How do photographers get those breathtaking underwater shots of swimmers? It takes $30,000 worth of equipment, a Scuba certification and lots of patience.
Photographers for wire services and magazines set up a photographic reef in the bottom of the London Aquatics Centre to take photos from below. They result in some of the most memorable pictures of the Olympics.
[ Photos: Best underwater shots from London ]
Preparation is everything. Each camera has to be set up to focus on a specific race, or perhaps two lanes where a close finish is expected. Sometimes a camera will wait all day for a specific swimmer to splash into frame.

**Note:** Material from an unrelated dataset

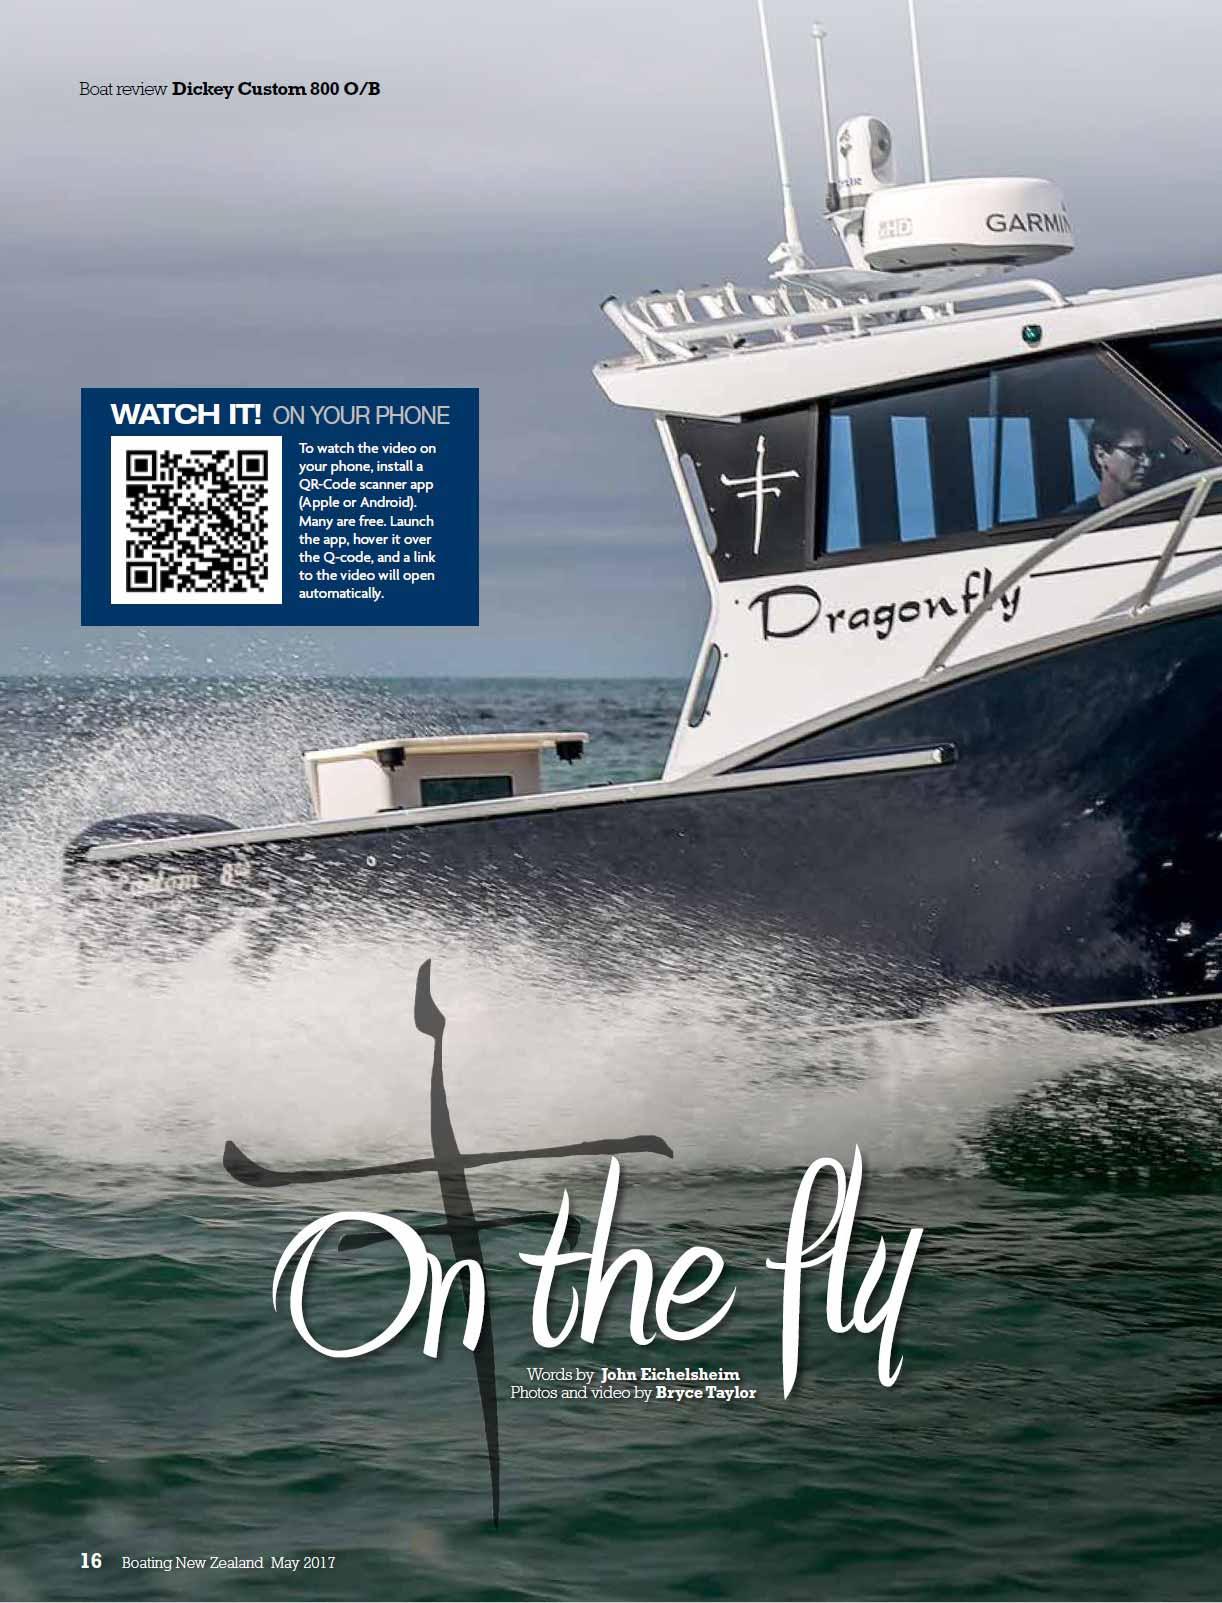 Dickey Boats Custom 800 review - Boating New Zealand (2017)

They use a handheld trigger to operate the shutter. It's connected, via cable, to the camera at the bottom of the pool. Now that cameras are all digital, almost as soon as they are taken, the images can be viewed on a laptop.
One of the most famous Olympic photographs in history was an underwater picture. It helped draw attention to the art of the shot. Sports Illustrated's Heinz Kluetmeier positioned his camera underneath the lanes of Michael Phelps and Milorad Cavic during their final in the 100 butterfly in 2008. His progression of shots captured Phelps' miracle comeback. The pictures were part of Serbia's official protest.
Even the underwater pictures without historical importance tend to be fun shots.
The advantage to having cameras and cables at the bottom of the swimming pool means they're close to the diving well.